The whole ensemble excels, firmly steered by director Anna D. Shapiro to a hilarious state of bureaucratic and ethical crisis. In the end, consensus is reached, and the community heals—but not without a sacrificial lamb. I left the Friedman Theatre equally amused and disturbed: If a coterie of smart, morally sophisticated citizens devolves into chaos, what hope does a nation of poorly educated yahoos have? There’s no germ that spreads as fast as stupid.

8

Tumult Over Vaccines Bedevils a Well-Heeled Private School in the Whip-Smart ‘Eureka Day’

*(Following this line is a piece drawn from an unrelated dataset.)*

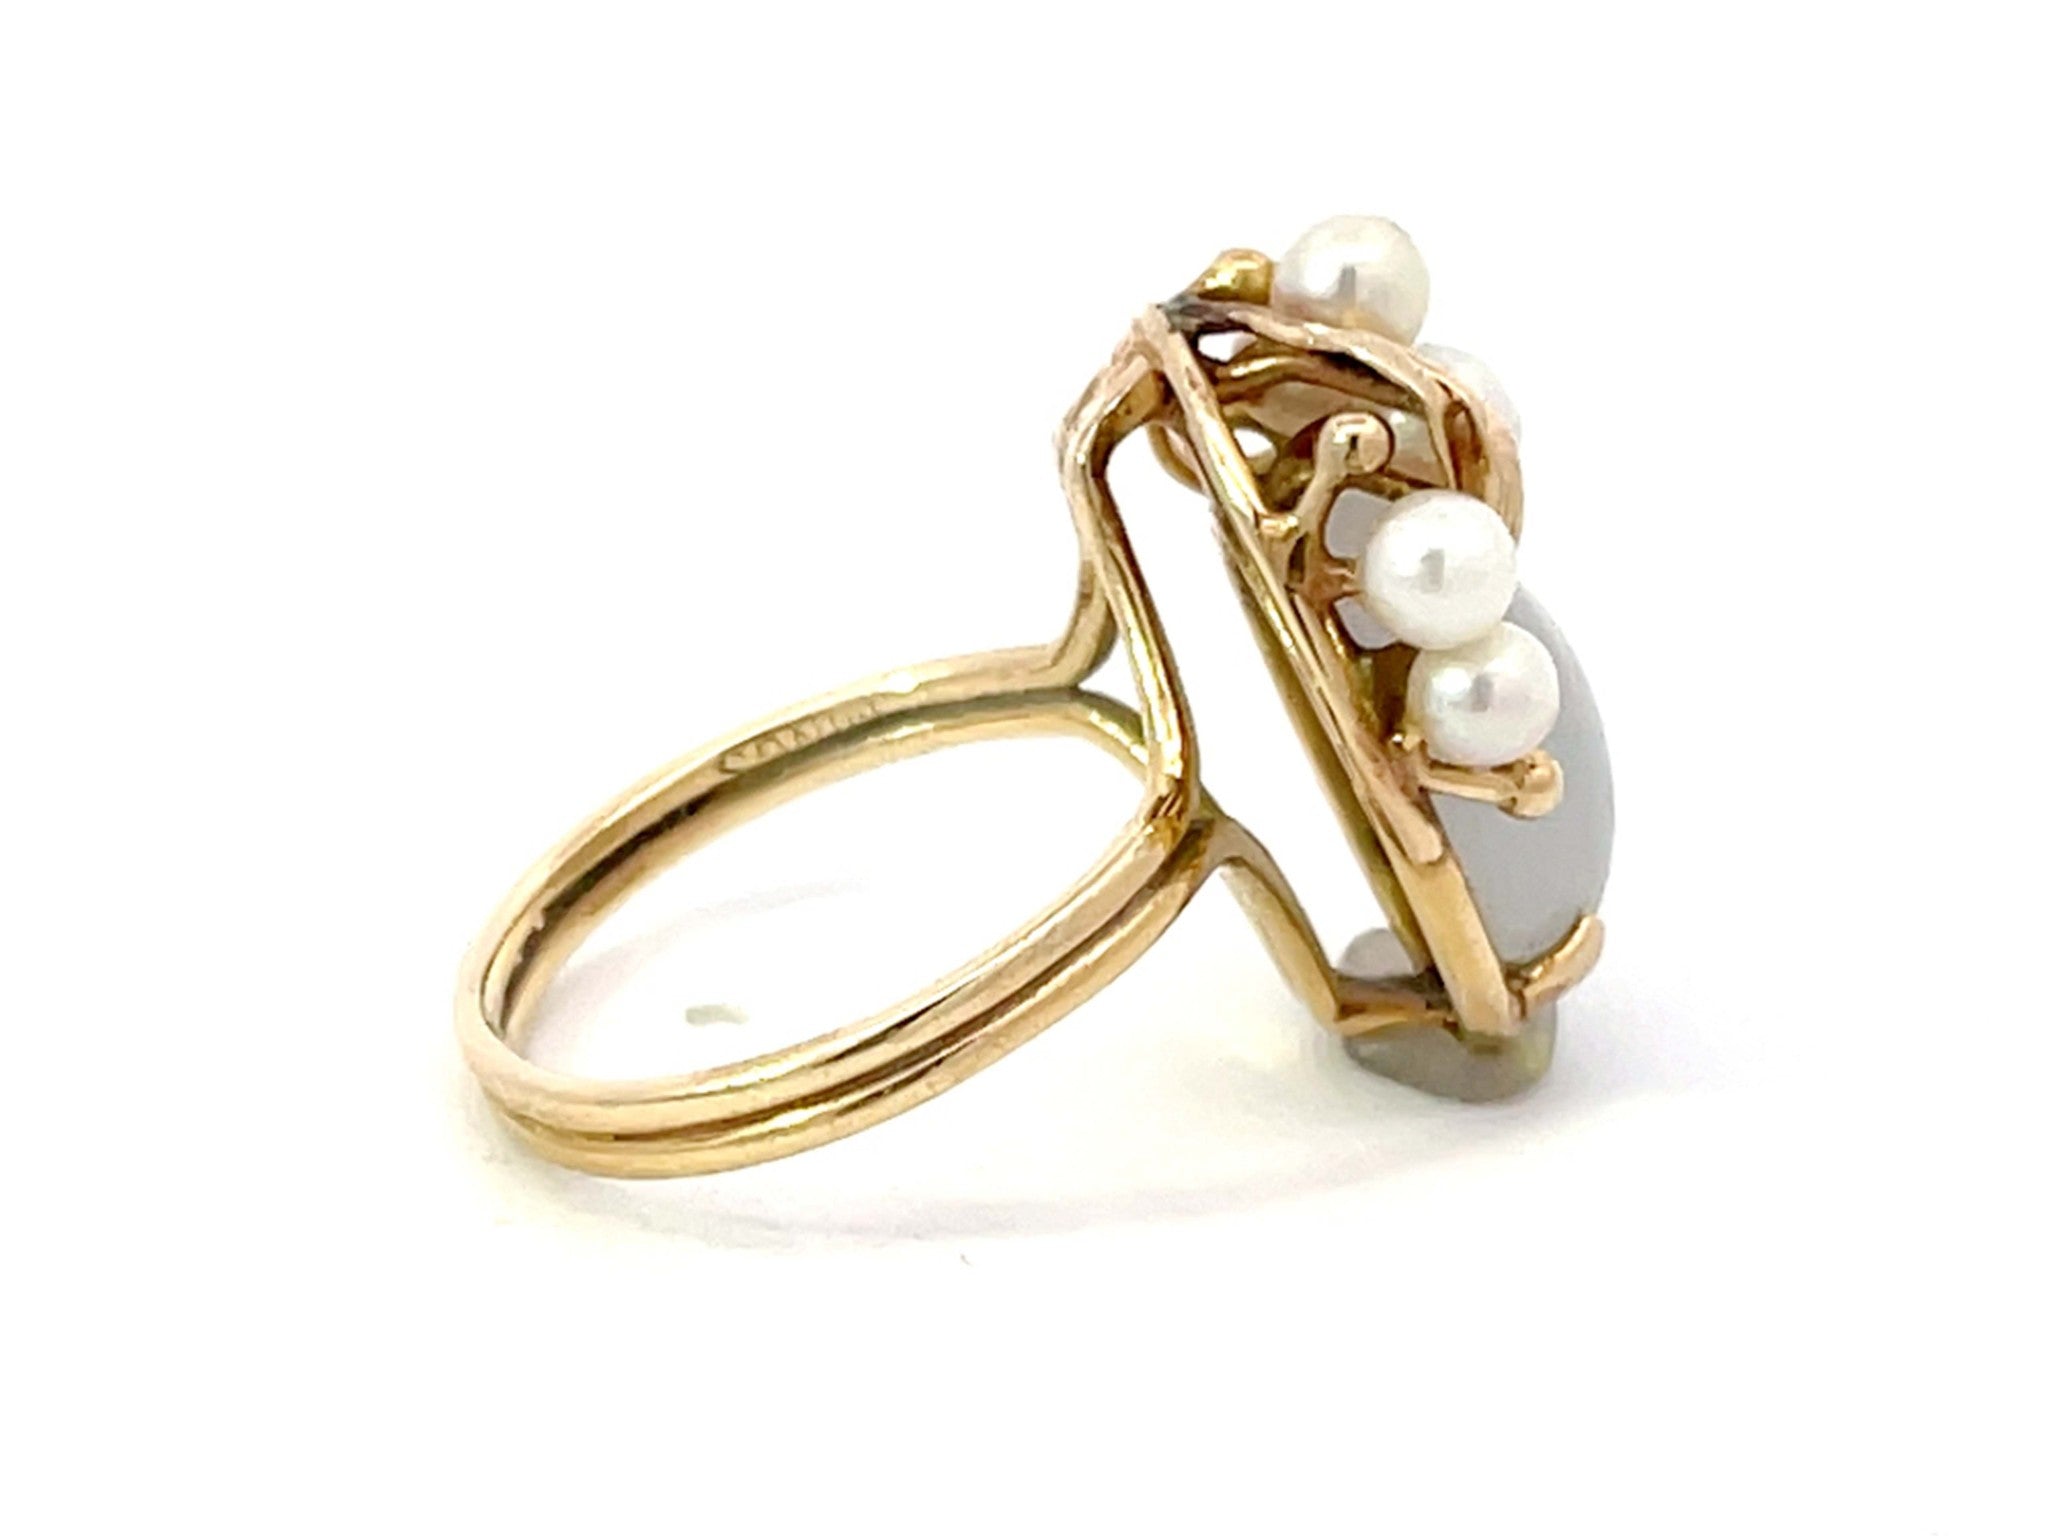 Mings Hawaii Oval Cabochon White Jade Pearl Leaf Ring 14k Yellow Gold
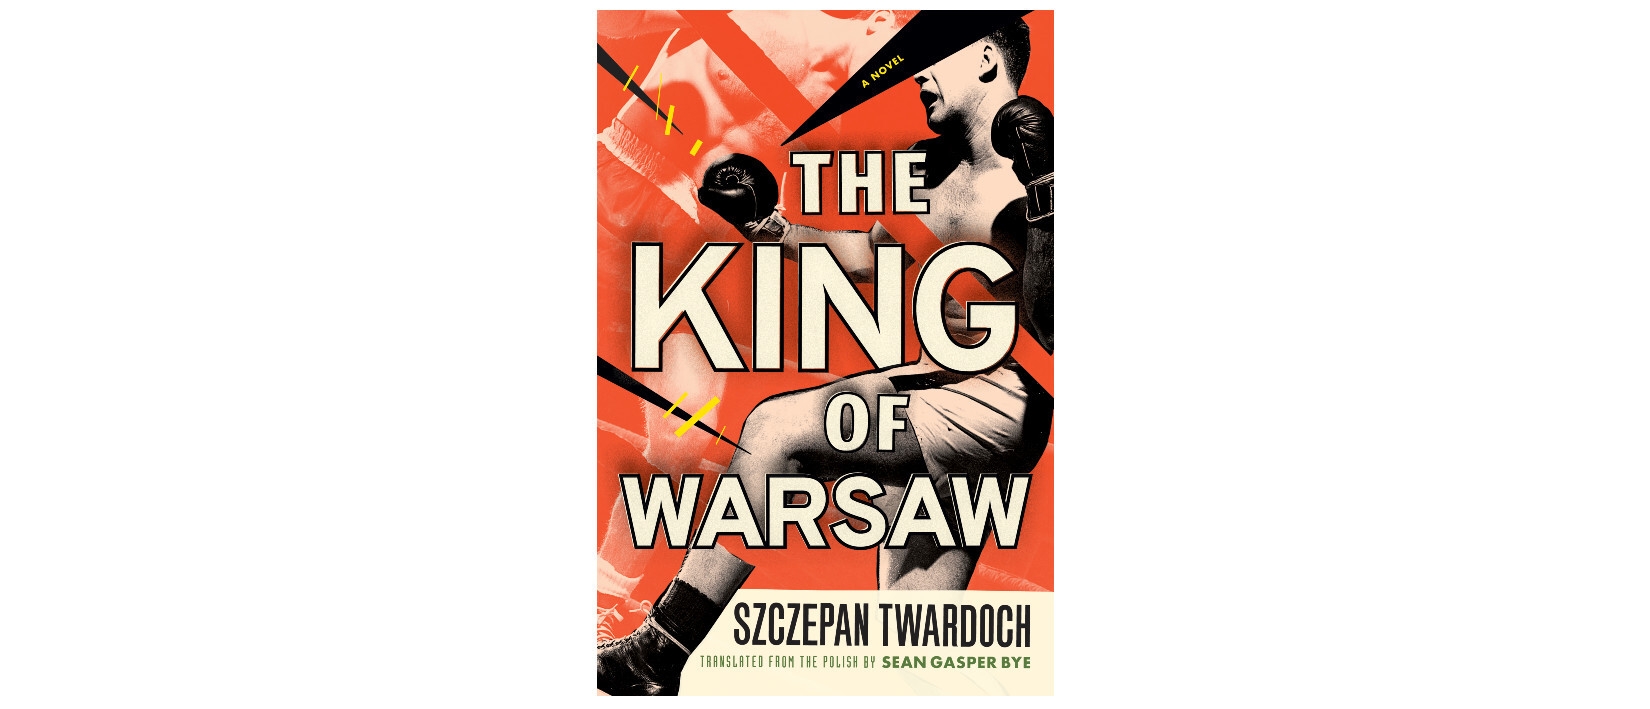 The book cover of "The King of Warsaw"  is a vintage orange color. The cover features a male boxer wearing shorts and boxing gloves punching his opponent whose image is faded.

From: The New York Sun | By: Elysa Gardner | Date: 12/17/2024

Happily, director Anna D. Shapiro, who has an illustrious history of finding comedy in discord, has assigned the role of Suzanne to a theater veteran whose distinctive presence and exquisite comic timing are ideally suited to the part, Jessica Hecht. Ms. Hecht’s Suzanne is, like many women she has played, a little flighty on the surface, but the actress also, eventually, mines the deep pain this character carries inside her with shattering authenticity. Amber Gray brings an effortless dignity to Carina, who quickly finds her footing and emerges as a rival to Suzanne’s authority. As the rather temperamental Meiko and Eli, who’s complacent and a bit clueless but fundamentally decent, Chelsea Yakura-Kurtz and Thomas Middleditch engagingly flirt, spar, and endure their own crises. Don is played by the estimable Bill Irwin, who predictably finds the clown in this scrupulously well-intentioned but overburdened fellow. Don gets to say the last sentence in “Eureka Day,” which serves as a brilliant punchline for a play that finds refreshing humor, and some poignance, in subject matter that has proven burdensome for all of us.